Well, here it is $$\int\int_{[0,1]^{2}}\sqrt{1+x^2+y^2}\mathrm dx\mathrm dy\tag*{}$$ Maybe there's a really nice way of doing it, hopefully someone knows. Good luck!

Answer 1

We can do this integral in polar coordinates by recognizing a symmetry - divide the square in half by the line $y=x$. The integral on the top half will equal the integral on the bottom half, so we will do one of the integrals and multiply its value by 2.
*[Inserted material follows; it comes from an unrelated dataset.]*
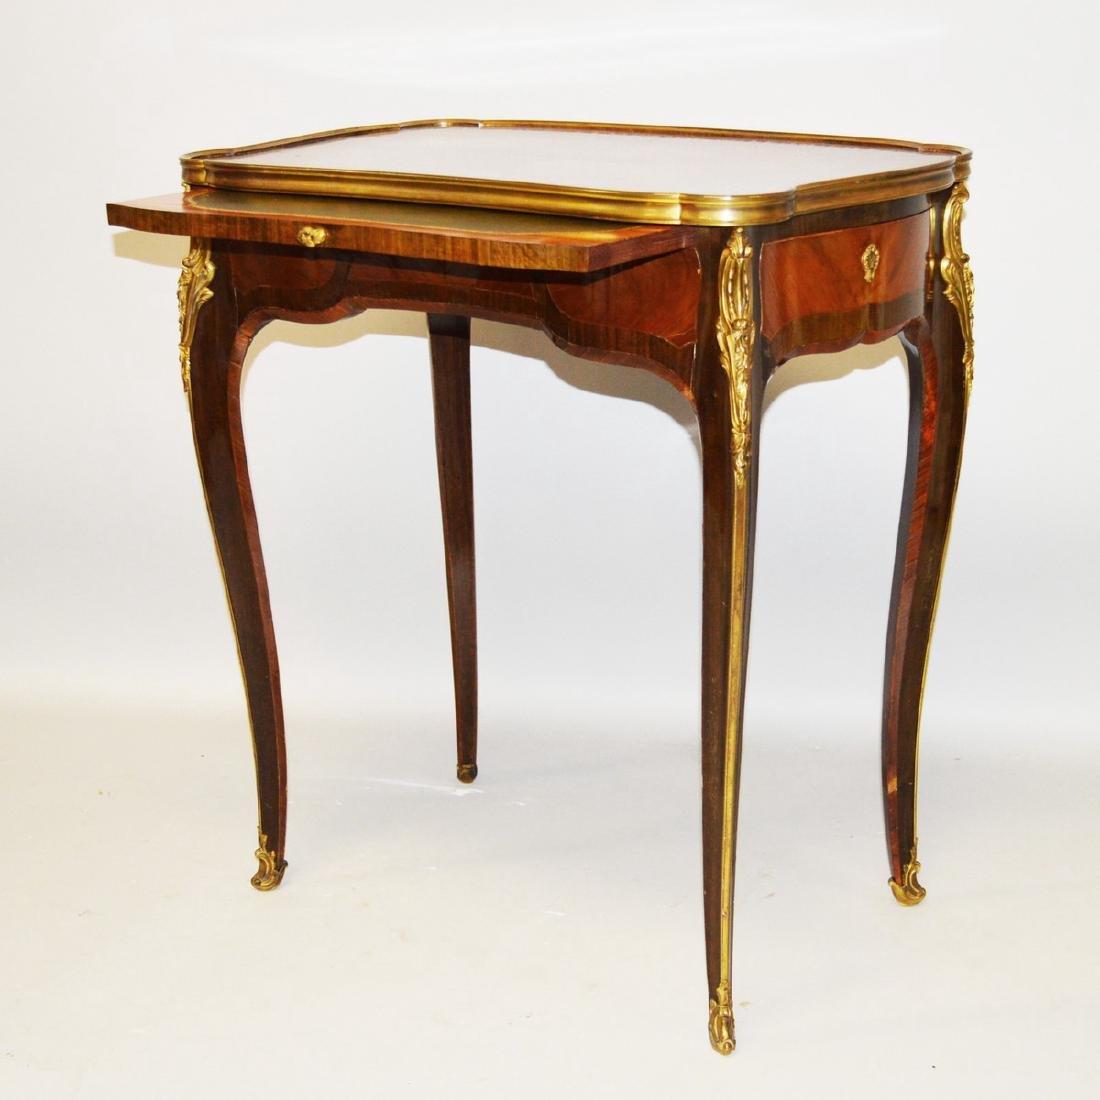 A GOOD 19TH CENTURY FRENCH LINKE MODEL SHAPED KINGWOOD

$$\iint_{[0,1]^2}\sqrt{1+x^2+y^2}dA = \int_0^{\pi/4} \int_0^{\sec\theta}2r\sqrt{1+r^2}drd\theta = \frac{2}{3}\int_0^{\pi/4} (1+\sec^2\theta)^{3/2} - 1 d\theta$$ $$= \frac{2}{3}\int_0^{\pi/4} (1+\sec^2\theta)^{3/2} d\theta - \frac{\pi}{6}$$

Now focusing on the integral left over, do the following substitution $$1+\sec^2\theta = 2\cosh^2 t$$ $$\sec^2\theta \tan\theta d\theta = 2\cosh t \sinh t dt \implies d\theta = \frac{\sqrt{2}\cosh t}{\cosh 2t}dt$$ The integral becomes:

$$\frac{8}{3}\int_{0}^{\cosh^{-1}(\sqrt{3/2})} \frac{\cosh^4 t}{\cosh 2t}dt = \frac{8}{3}\int_{0}^{\cosh^{-1}(\sqrt{3/2})} \frac{\cosh^2 t + \cosh^2 t \sinh^2 t}{\cosh 2t}dt$$ $$ = \frac{2}{3}\int_{0}^{\cosh^{-1}(\sqrt{3/2})} \frac{2+ 2\cosh 2t + \sinh^2 2t}{\cosh 2t}dt $$$$= \frac{2}{3}\int_{0}^{\cosh^{-1}(\sqrt{3/2})} 2\text{ sech } 2t + 2 + \tanh 2t \sinh 2tdt$$ Integrating tanh sinh by parts, we get $$\frac{2}{3}\int_{0}^{\cosh^{-1}(\sqrt{3/2})} (\text{sech } 2t + 2)dt + \frac{1}{3}\sinh 2t = \frac{1}{3}\left[\tan^{-1}(\sinh 2t) + 4t + \sinh 2t \right]_{0}^{\cosh^{-1}(\sqrt{3/2})}$$ $$= \frac{1}{3}\left[\tan^{-1}(2u\sqrt{u^2-1}) + 4\cosh^{-1}(u) + 2u\sqrt{u^2-1}\right]_{1}^{\sqrt{3/2}} = \frac{1}{3}\left[\tan^{-1}(\sqrt{3}) + 4\cosh^{-1}(\sqrt{3/2}) + \sqrt{3}\right]$$ Simplifying and subtracting off the term from earlier, we get $$\frac{4}{3}\cosh^{-1}\left(\sqrt{\frac{3}{2}}\right) + \frac{1}{\sqrt{3}} - \frac{\pi}{18}$$

Answer 2

If you use sostitution $\sqrt{x^2+y^2+1}=x+t$ squaring $x^2+y^2+1=x^2+2xt+t^2\iff x=\frac{y^2-t^2+1}{2t}$ and $dx=-\frac{y^2+t^2+1}{2t^2}dt $ So you have $$\int_0^1 \sqrt{x^2+y^2+1}dx=-\int_{\sqrt{y^2+1}}^{\sqrt{y^2+2}-1} \left(t+\frac{y^2-t^2+1}{2t}\right)\frac{y^2+t^2+1}{2t^2}dt$$ that is an easy fraction integral! Then solving the y-integral maybe you have to use another sostitution.